Info Collectif VAN - www.collectifvan.org - Le Collectif VAN vous invite à lire une traduction de Gilbert Béguian de cet article mise en ligne sur le site de NAM (Nouvelles d'Arménie Magazine) le 27 janvier 2012.













NAM

Réunion à la Chambre des Lords à la veille de la Journée Hrant Dink

18 janvier 2012

Le cinquième anniversaire du martyre de Hrant Dink a été marqué à Londres par une réunion à la Chambre des Lords le 18 janvier et une manifestation silencieuse devant l’Ambassade Turque le jour suivant. La réunion était organisée sous le patronage de la Baronne Randerson. Monseigneur Vahan, évêque de l’Eglise Arménienne a dit une prière pour ouvrir la réunion, et Desmond Fernandes a fait une intervention sur les persécutions qui se déroulent aujourd’hui en Turquie. Un discours du docteur Suran Cam sur les Crypto-Arméniens en Turquie a été lue. Hiarbir Mari a parlé des persécutions des Baluchis au Baluchistan occupé et Wilson Choudry a parlé des persécutions des Chrétiens au Pakistan.

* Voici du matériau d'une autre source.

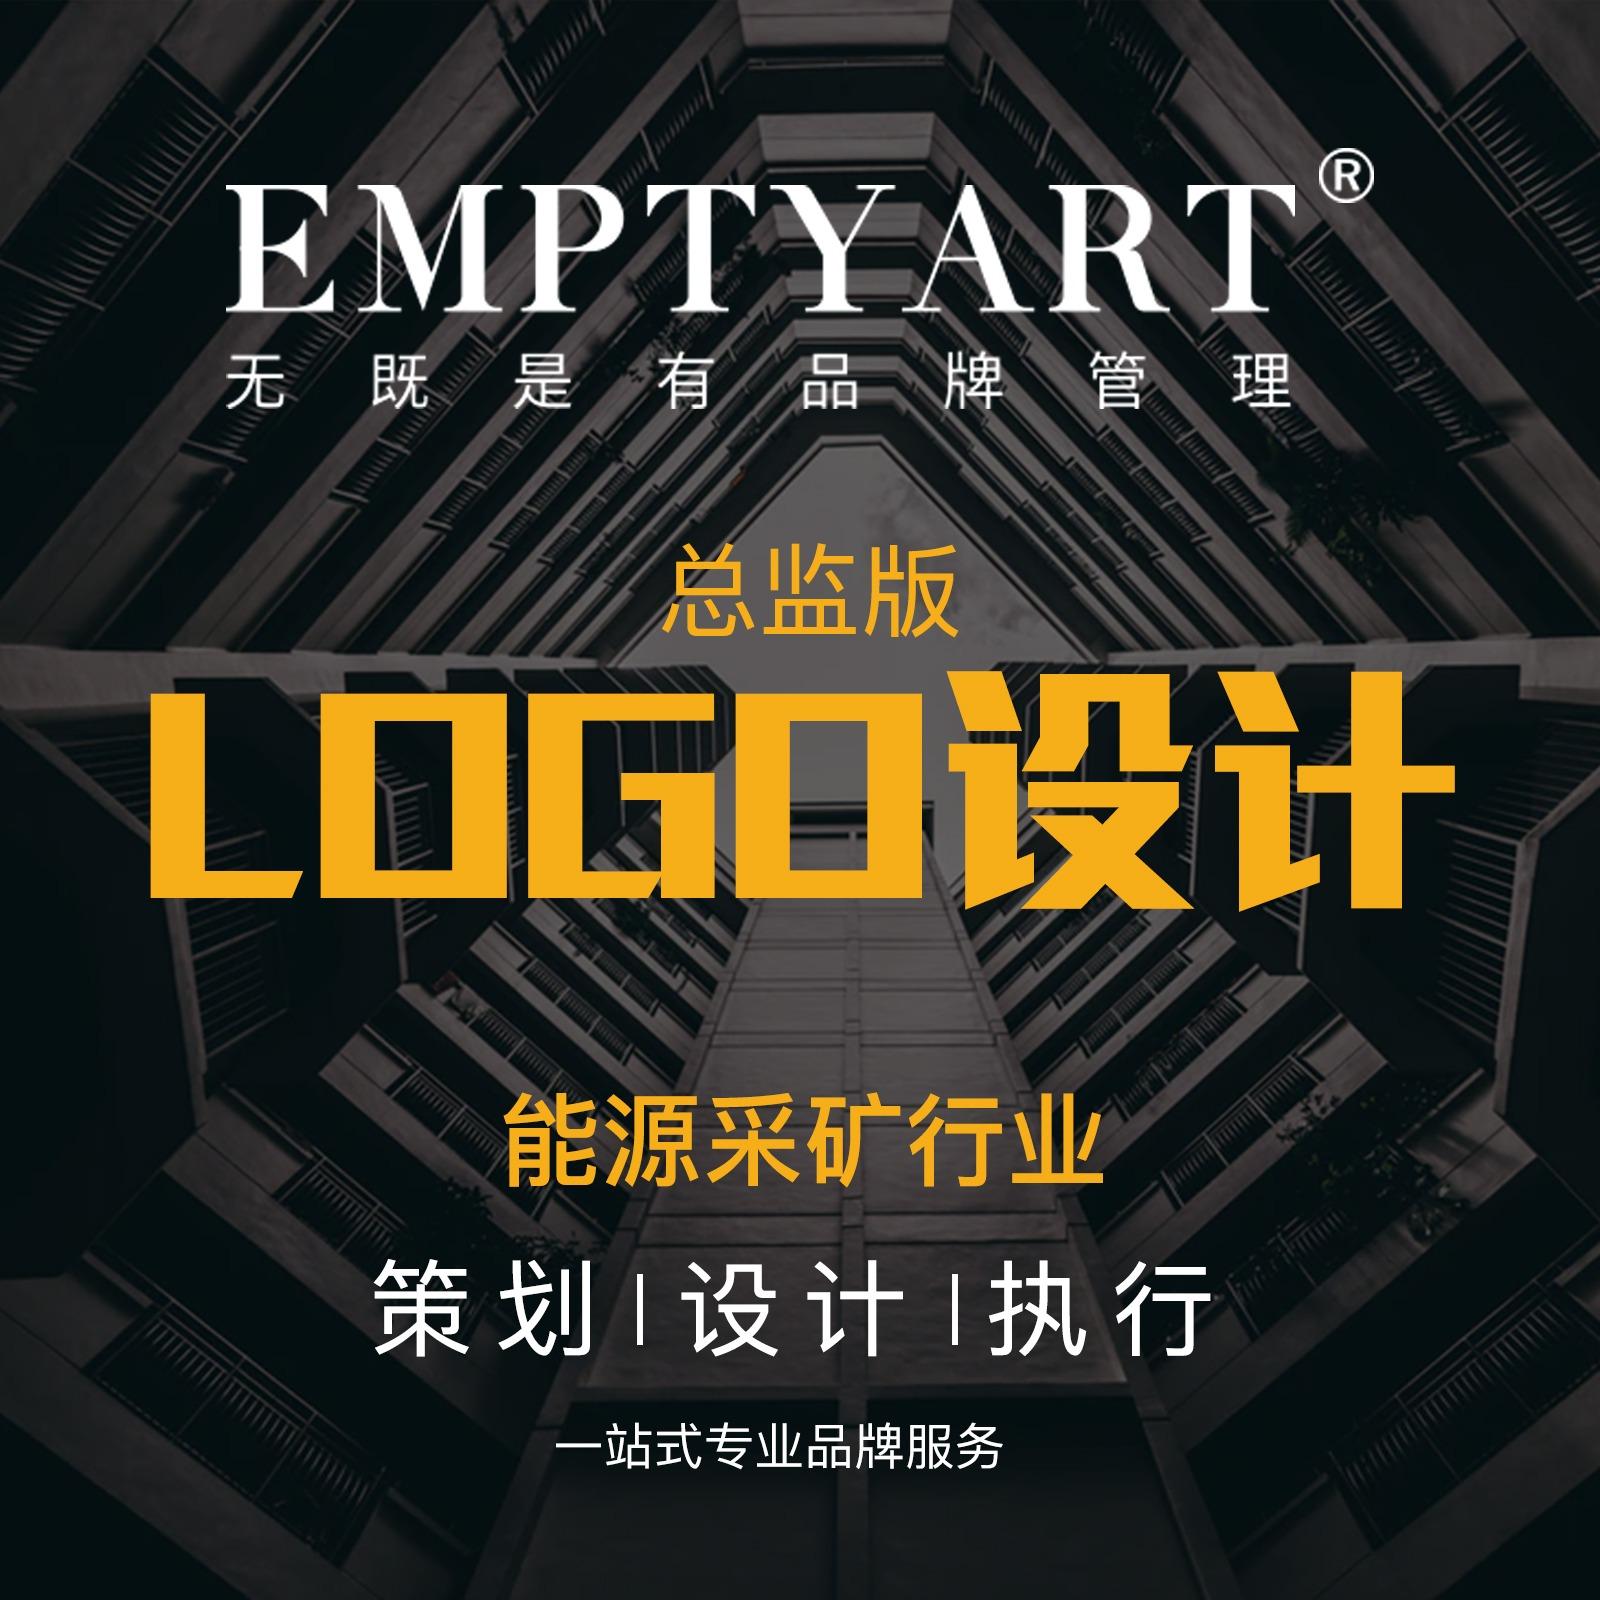 总监版能源采矿行业品牌<hl>logo设计</hl>原创标志商标<hl>LOGO</hl>图标

Eilian Williams a cité Rakel Dink pour décrire l’expérience de ceux des Arméniens qui résident à l’intérieur de la Turquie : “Depuis toujours jusqu’à aujourd’hui, nous Arméniens sommes humiliés, insultés en tant qu’Arméniens ; nous entendons des gens employer le terme Arménien comme une malédiction. Nous l’avons entendu et nous l’entendons encore comme tel dans les journaux, à la télévision, dans les bureaux d’enregistrement des naissances ; nous l’entendons de la part des fonctionnaires jusqu’aux plus hautes autorités.“

Il a relevé qu’il n’a pas été fait droit à la demande de Rakel dans la décision rendue cette semaine, des membres de l’état profond, impliqués dans ce crime terrible contre la vie de Hrant Dink, étant restés hors de cause.

1/2 Les Crypto-Arméniens en Turquie, par le docteur Surhan Cam

En 1974 ? Hrant Dink fit la découverte d’une tribu perdue d’Arméniens à Varto, dans le Kurdistan. Ses membres ignoraient qu’ils étaient des Arméniens. Pas plus que d’autres ne savaient qu’ils étaient arméniens. Pour la plupart, c’étaient des Musulmans Alévis et ne parlaient que le kurde. Hrant apprit l’arménien à certains d’entre eux et épousa l’une d’entre elles. C’était une première découverte en l’espèce. Mais cela a été aussi la dernière.

On en sait très peu aujourd’hui sur les Crypto-Arméniens. Il n’y a aucune donnée précise sur leur nombre. Les estimations varient largement, depuis quelques centaines de milliers à des millions. Ne serait-ce que pour cela, parler des Crypto-Arméniens est un défi politique. La question est considérée un peu comme une “boîte de Pandore“ par certains commentateurs en Turquie comme en Arménie.

On attire l’attention sur l’emploi qui pourrait être fait des Crypto-Arméniens par le gouvernement turc pour saper la crédibilité des “marchands de génocide“ comme les appelle le pouvoir turc. Si leur effectif s’avérait être important après un dénombrement crédible, alors le gouvernement turc pourrait prétendre ’on ne les a pas exterminés puisqu’ils vivent parmi nous’. Sans polémiquer, cette sorte de stratagème pourrait ne rien rapporter au gouvernement turc, pouvant même se retourner contre lui en diminuant un peu plus sa crédibilité. Mais les implications latentes d’un tel débat à propos de Crypto-Arméniens méritent d’être examinées avec soin.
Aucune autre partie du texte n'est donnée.